Alessandro RIPPA is a social anthropologist interested in the social and environmental impact of infrastructure development, the flow of commodities across national boundaries, and the role of informal markets in processes of globalization. Alessandro has pursued these interests in the ethnographic contexts of Western and South-western China, particularly at China’s borders with Pakistan, Myanmar, and Laos. His current research focuses on the analysis of the social and environmental consequences of Chinese investments in Myanmar, and explores new theoretical approaches for the study of large-scale infrastructure. He is the author of Borderland Infrastructures: Trade, Development, and Control in Western China (Amsterdam University Press, 2020) and a co-editor of the Routledge Handbook of Asian Borderlands (2018). 

Alessandro obtained his PhD in Social Anthropology at the University of Aberdeen in 2015, and held postdoctoral positions at LMU Munich and at the University of Colorado, Boulder. He is the PI of the Environing Infrastructure project (2020-2025) at the Rachel Carson Center for Environment and Society, LMU Munich, and is currently on leave from his position as Associate Professor of Chinese Studies at Tallinn University.

     

Martin SAXER is an anthropologist based in Munich, Germany.

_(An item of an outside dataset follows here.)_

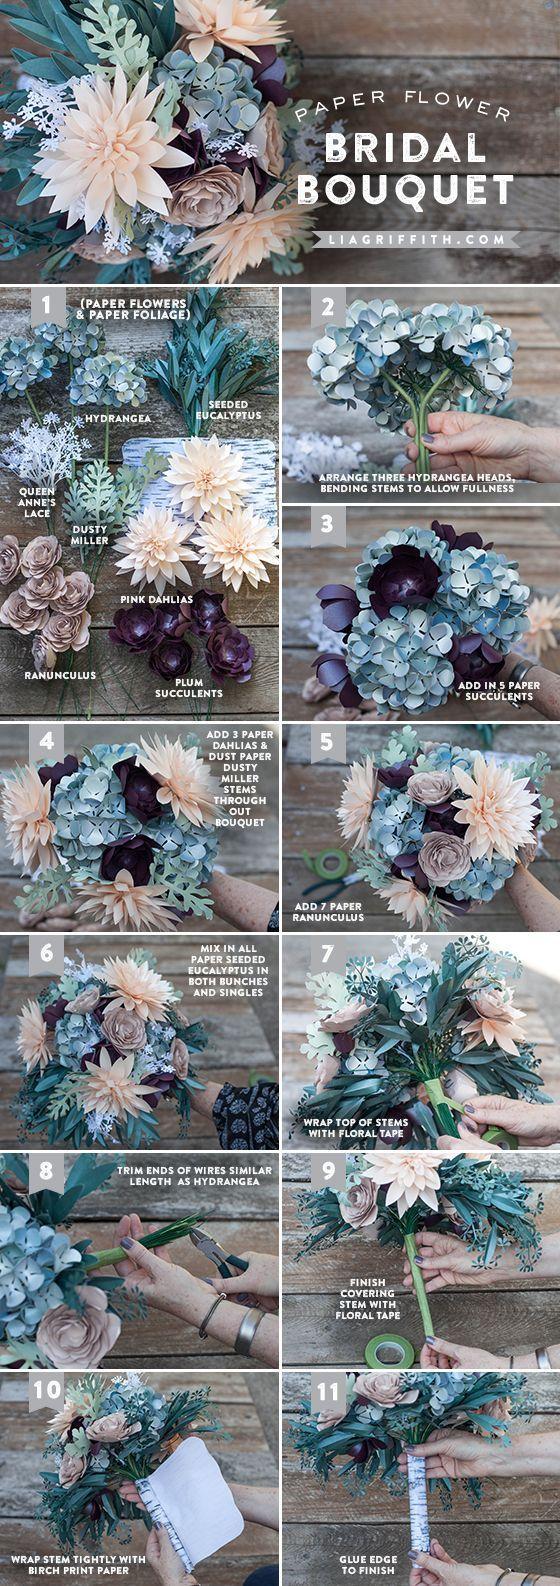 DIY Bridal Bouquet Paper Tutorial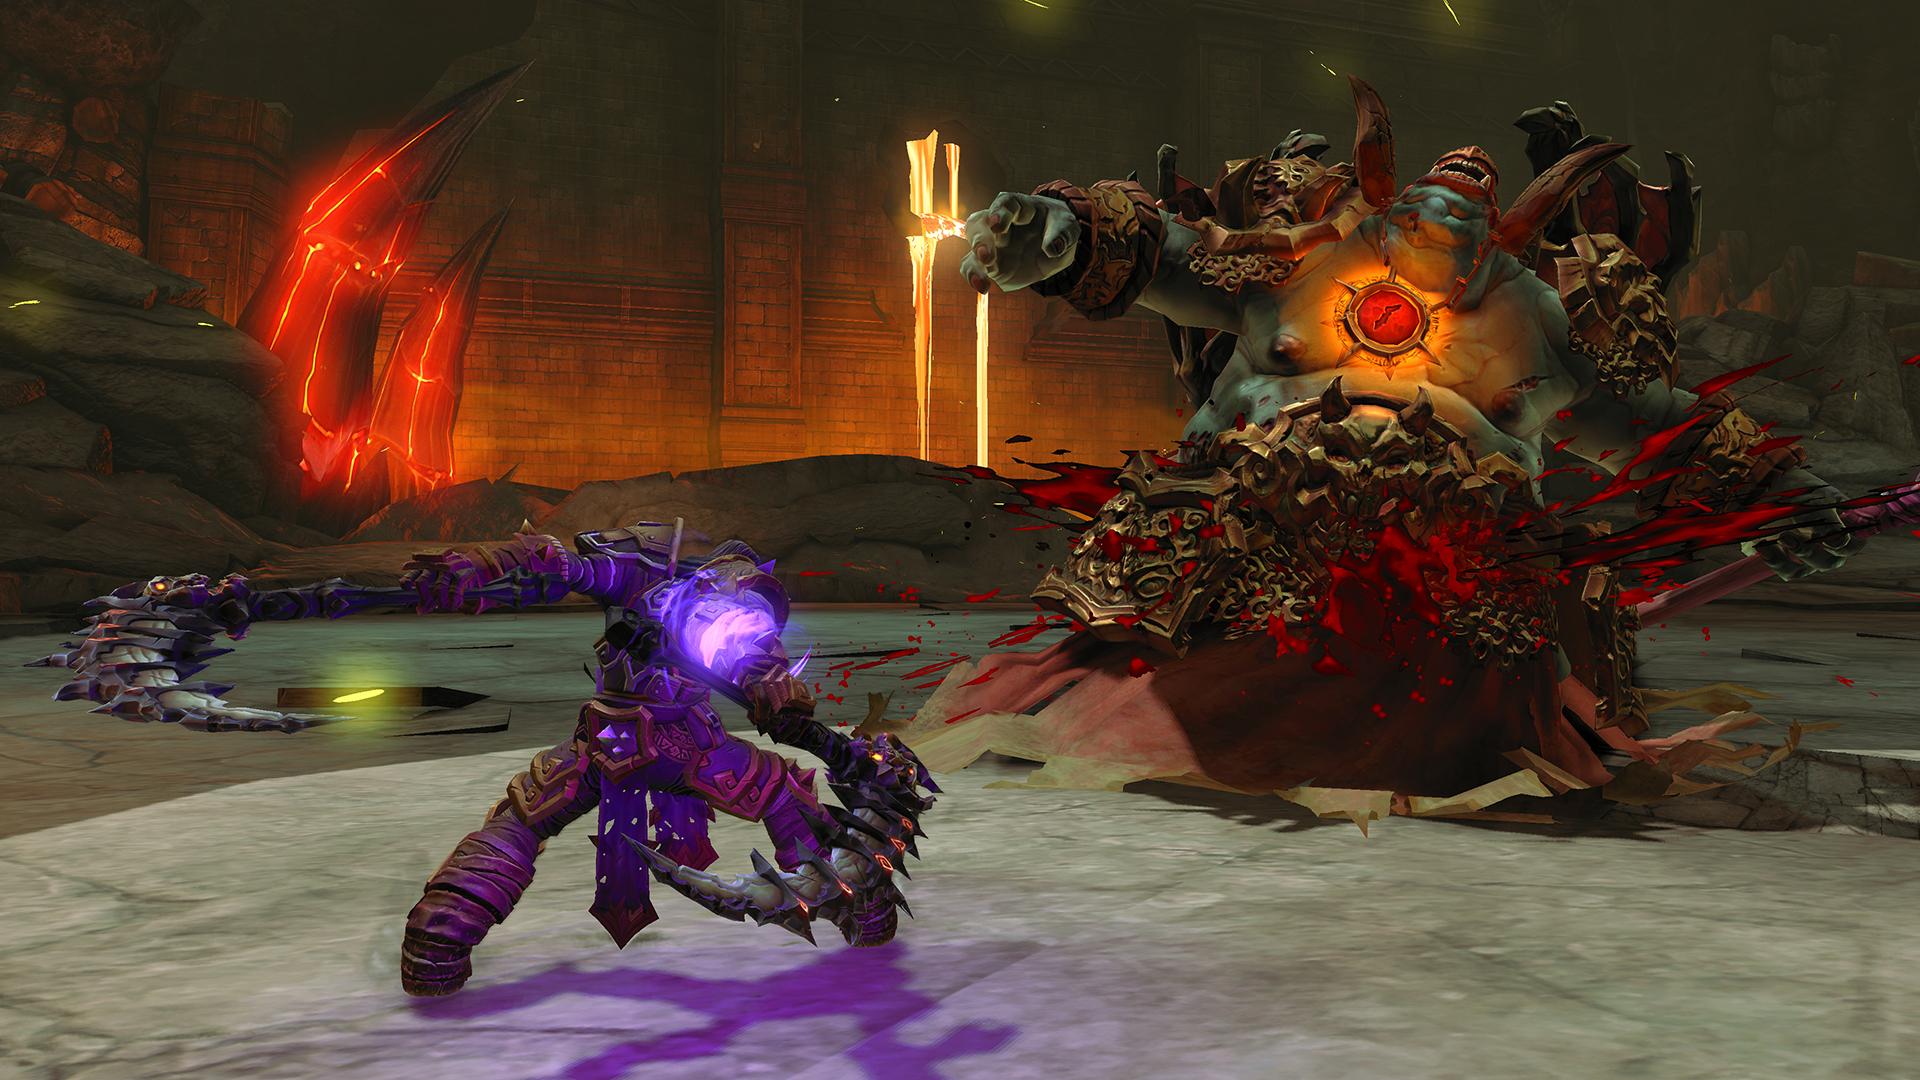 Darksiders II: Deathinitive Edition screenshot 1

He was a Clarendon scholar at Oxford and received his doctorate in 2010. He conducted extensive fieldwork in Siberia, Tibet and Nepal and published the book Manufacturing Tibetan Medicine: The Creation of an Industry and the Moral Economy of Tibetanness (Berghahn 2013). Since 2015, he is leading a 5-year research project funded by the European Research Council under the title Remoteness & Connectivity: Highland Asia in the World (highlandasia.net).

Martin directed two feature-length documentary films and runs the visual ethnography blog theotherimage.com. He is currently working on a second monograph, an exhibition on “Highland Flotsam” (highlandasia.net/projects/highlandflotsam.html), an a new documentary film with the working title “Murghab”. 

 

Christina SCHWENKEL is Professor of Anthropology at the University of California, Riverside and Director of the Program in Southeast Asian Studies (SEATRiP). She is co-editor of the Journal of Vietnamese Studies. Christina has conducted extensive ethnographic research in Vietnam on global technology transfers and postwar reconstruction of urban infrastructure. Her first book, The American War in Contemporary Vietnam: Transnational Remembrance and Representation (Indiana 2009), examined the materiality of knowledge production and the geopolitics of commemoration through the built environment. Her more recent publications have focused on Cold War technopolitics and socialist circulations of urban planning knowledge between Vietnam and East Germany, including her latest book: Building Socialism: The Afterlife of East German Architecture in Urban Vietnam (Duke 2020)Her new research projects focus on industrial design, urban soundscapes  and gendered forms of training and expertise.

 

Max D. WOODWORTH is Assistant Professor of Geography at The Ohio State University. His research concentrates on urban development in China and East Asia with special attention paid to resource boomtowns and suburban “edge city” development. Since 2010, he has conducted extensive research in Ordos Municipality, an energy resource-abundant area in China’s Inner Mongolia Autonomous Region. This work has explored linkages between urbanization, infrastructure expansions, and energy resource production. Since 2014, he has expanded the regional scope of his research to include the boomtowns and oil regions of the U.S. Upper Midwest. Max’s research into suburban new towns in China addresses the politics of peri-urban development currently underway across China. Both areas of research share similar theoretical concerns with notions of the “frontier,” and specifically the understanding of peripheral spaces as leading edges of economic growth, political contention, and cultural change. His research has been published in such journals as The Professional Geographer, Geoforum, The International Journal of Urban and Regional Research, and The Journal of Asian Studies.